# Lake Shore



## Chief Squatting Dog (Oct 23, 2009)

How does one go about getting a lake shore permit? I heard it’s a raffle but I am not sure any help would be great.


----------



## Chief Squatting Dog (Oct 23, 2009)

hello anyone?


----------



## Chaser (Sep 28, 2007)

I don't hunt that area myself, but from what I hear, there is a lot of competition for those permits. People on here who know may not pipe up because it may cause them to miss out. Maybe stop by a gas station in that area, or knock on a few doors to see what people know. I bet the city halls for the local municipalities would be able to get you some info also.

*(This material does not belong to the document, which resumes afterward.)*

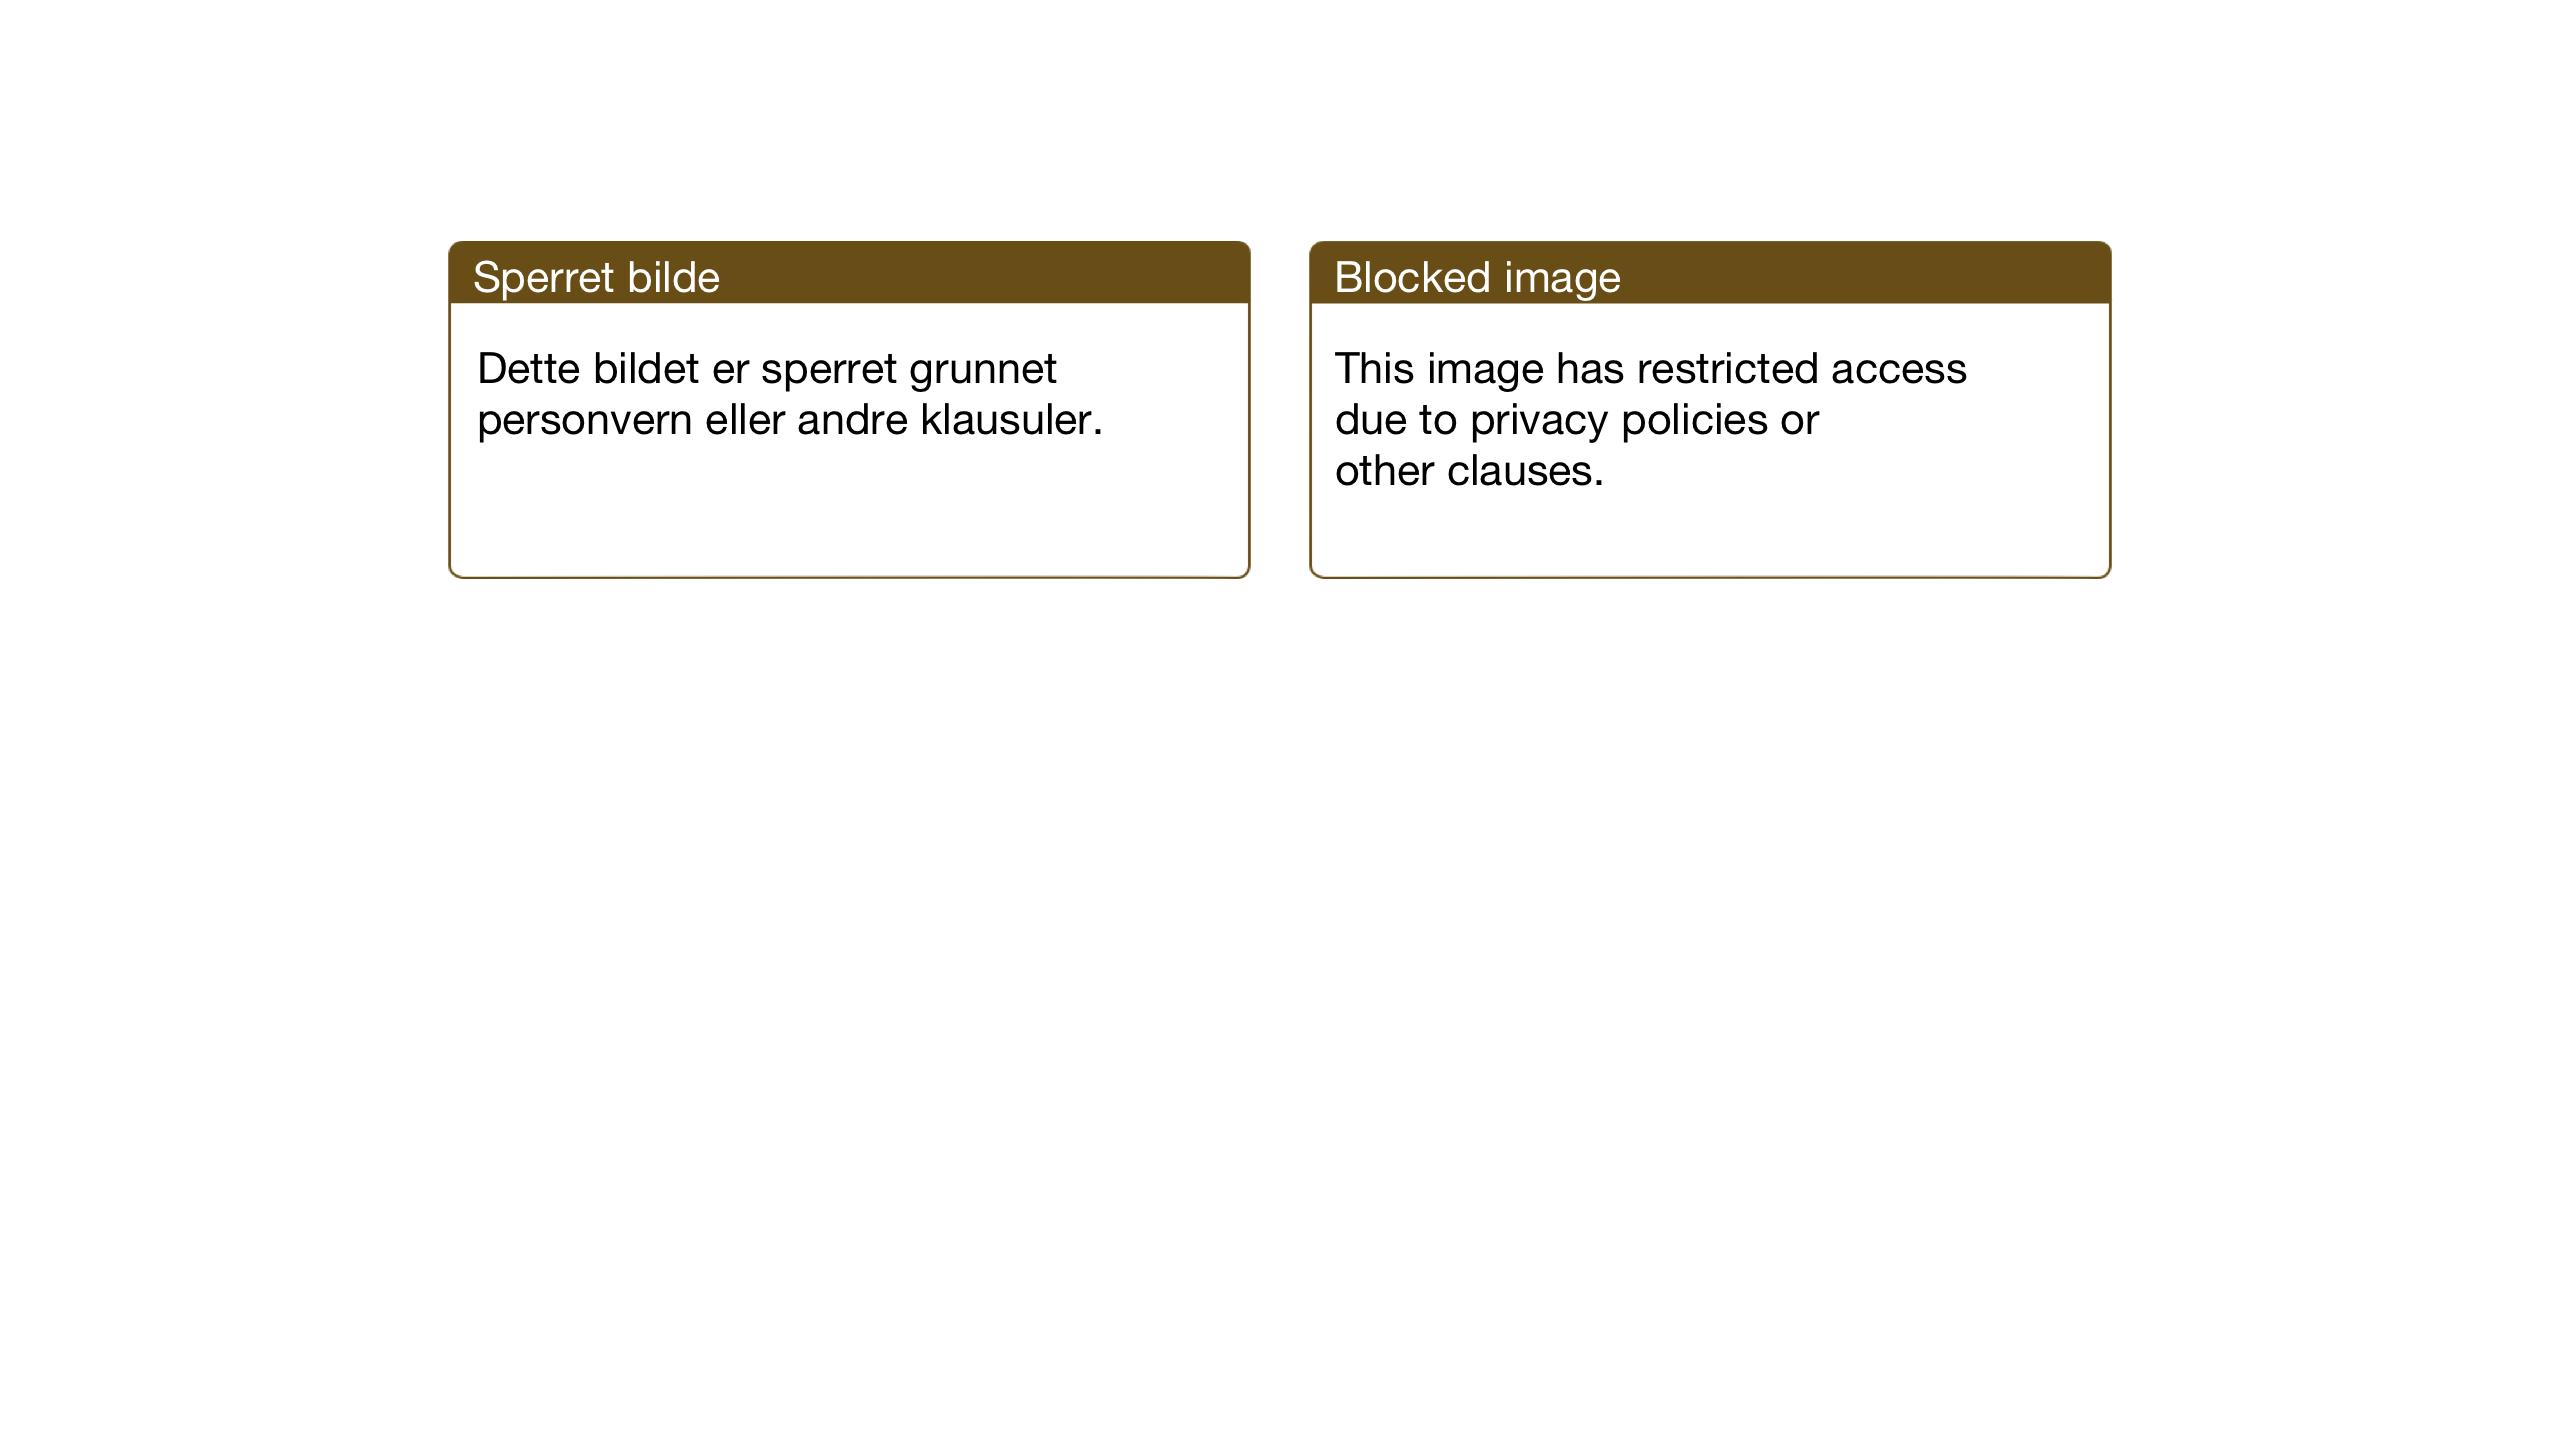 SAT, Ministerialprotokoller, klokkerbøker og fødselsregistre - Sør-Trøndelag, 611/L0357: Klokkerbok nr. 611C05, 1938-1942, s. 14
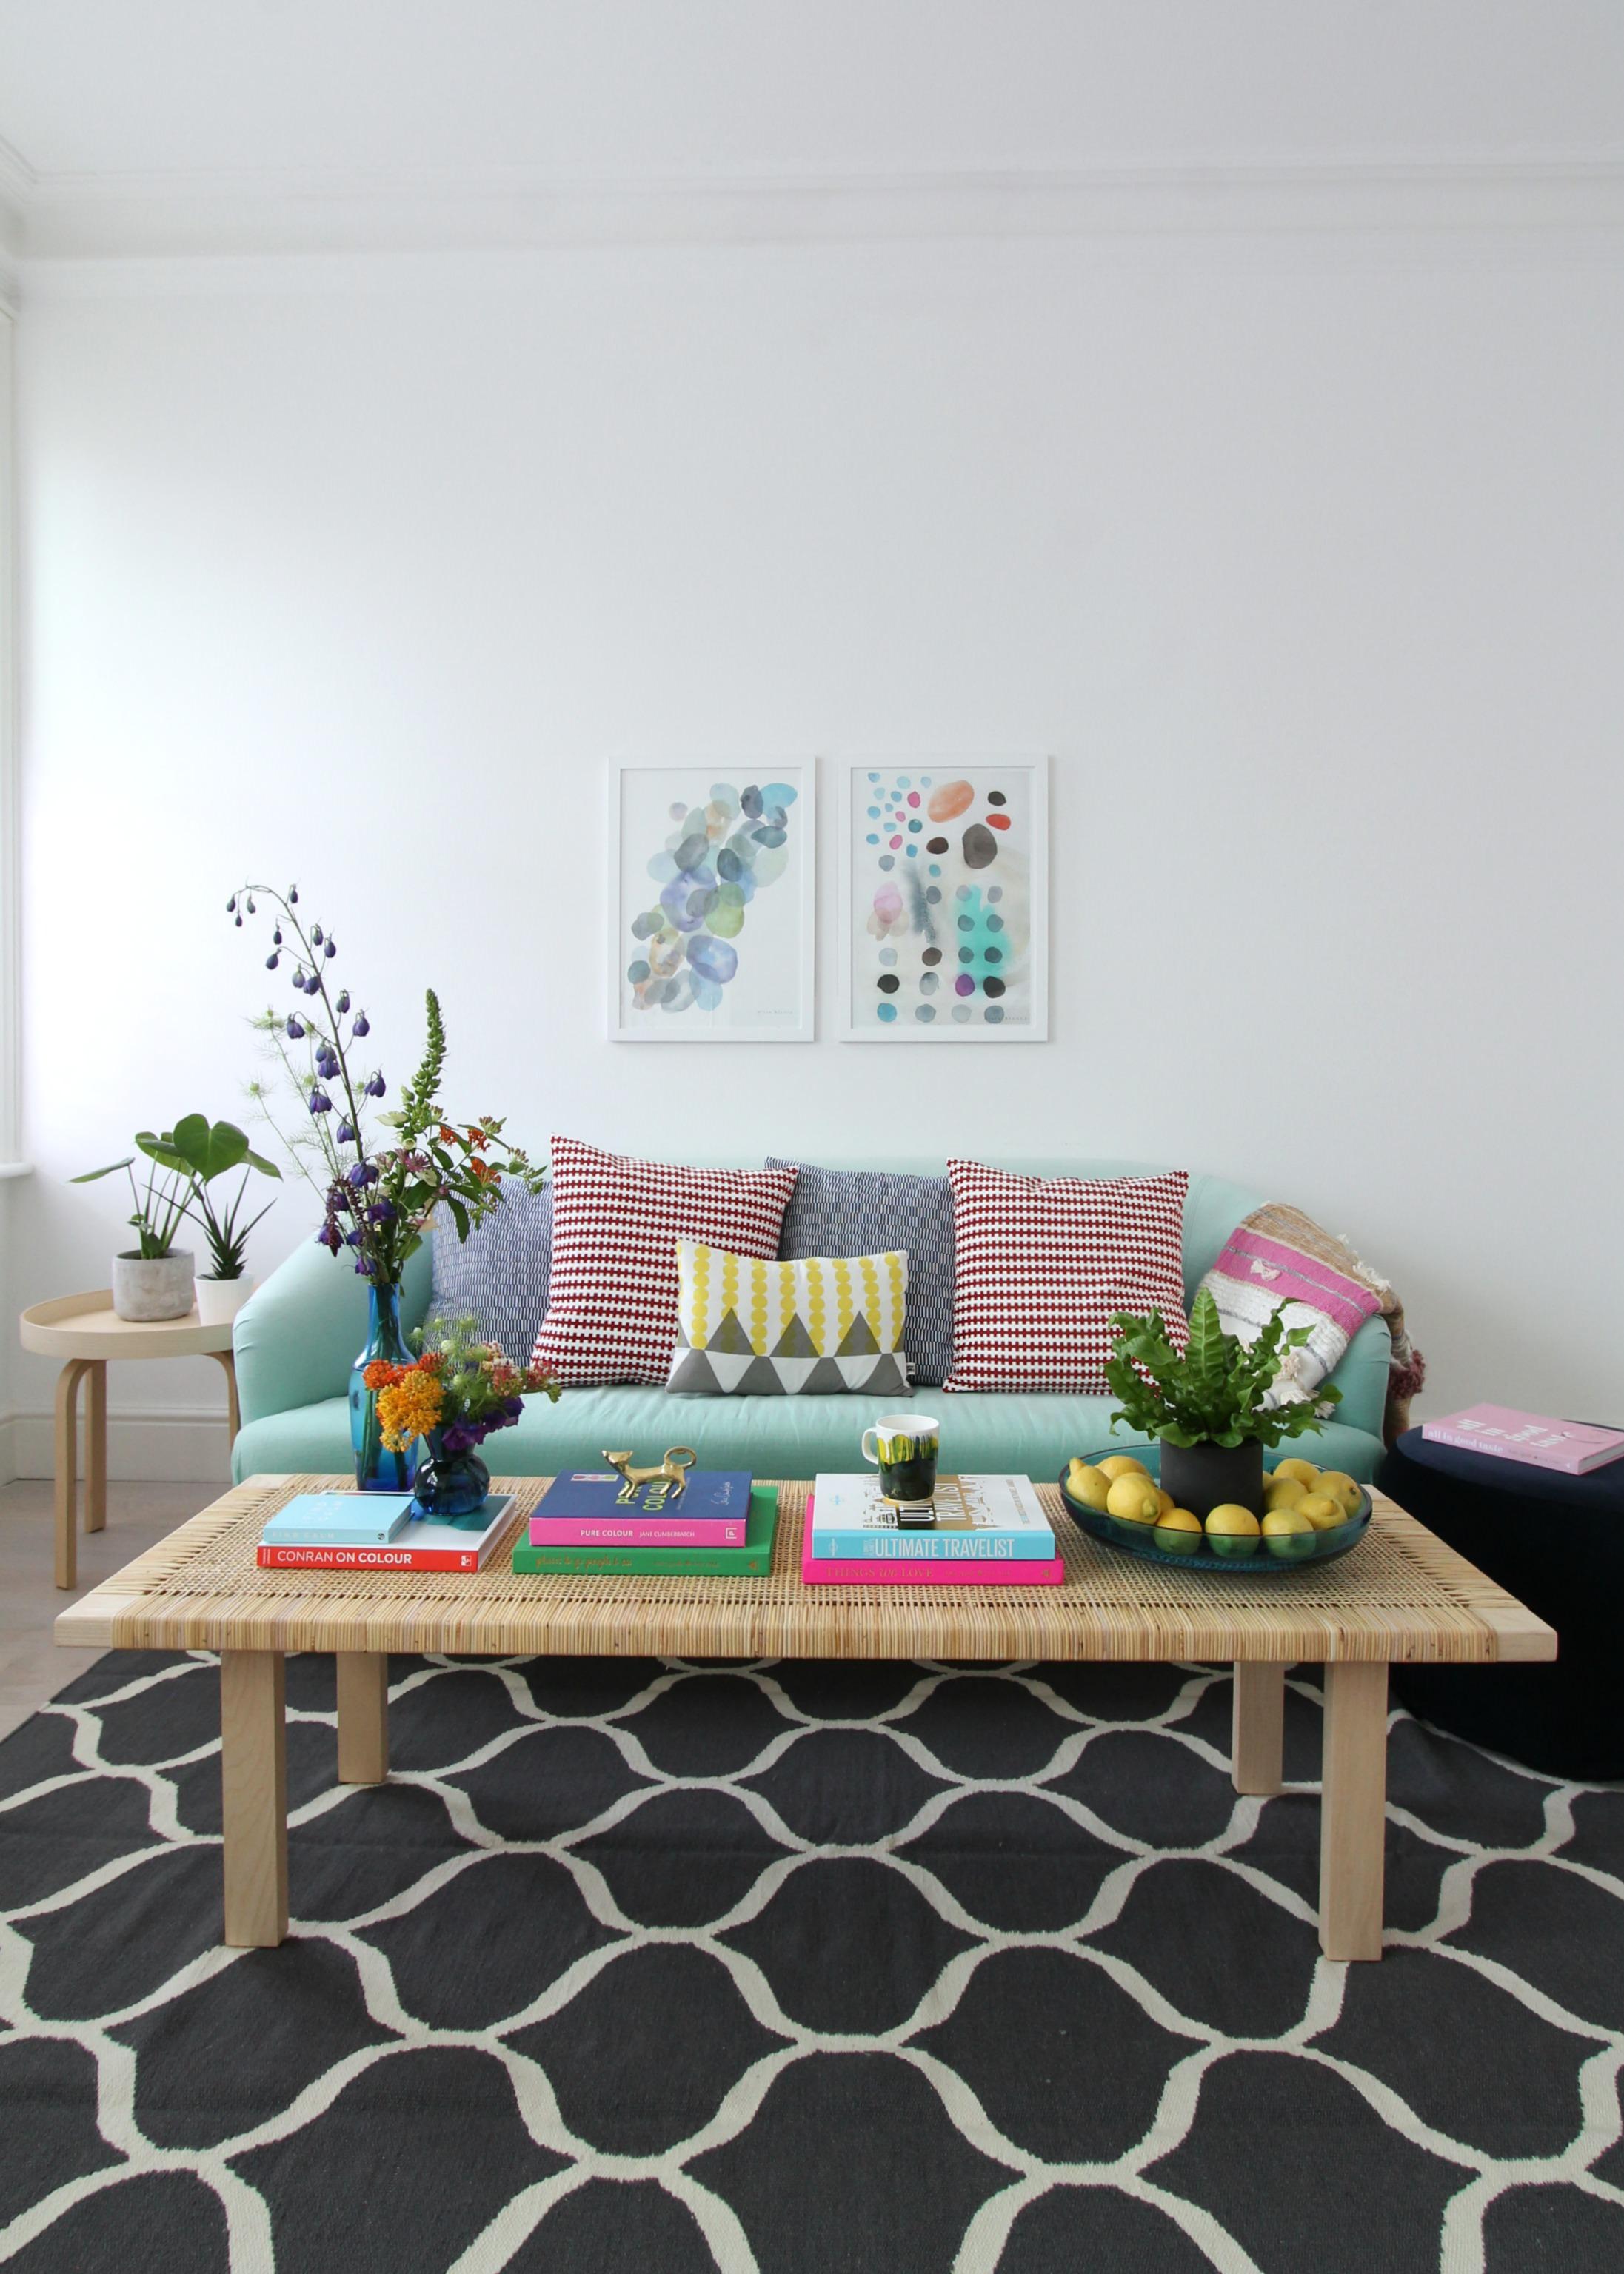 littlebigbell ikea stockholm 2017 archives. Black Bedroom Furniture Sets. Home Design Ideas

Sorry I couldn't be more help, but this is what I would do if in your position.


----------



## Gumbo (Sep 22, 2007)

From what I hear, you'll have a better experience at a bird farm.


----------



## spork40 (Oct 8, 2007)

the permit is not hard to get, it is just hard to find birds in three days. if you want more info last year the guy in charge was one of the shepards down at the egg farm in lake shore.


----------



## toasty (May 15, 2008)

Just like everywhere else in utah, you'll see more racoons and skunks than pheasants. There are a few left, but if you're idea of fun is walking 10 miles over 10 hours and seeing 2 hens, then that is the permit you want.


----------



## Chaser (Sep 28, 2007)

http://www.ksl.com/index.php?nid=218&ad ... =1&search=

Just saw this on KSL. Hope it helps, CSD!


----------



## gdog (Sep 13, 2007)

Its a waste


----------



## Bhilly81 (Oct 18, 2009)

its just a huge zoo dont wast your time and your money


----------



## diverslayer (Jun 24, 2010)

It's good to hunt if you can get on some of the private property. Most of the farms post there fields so you can't hunt them. So you end up huntin the same field with a billion other guys.


----------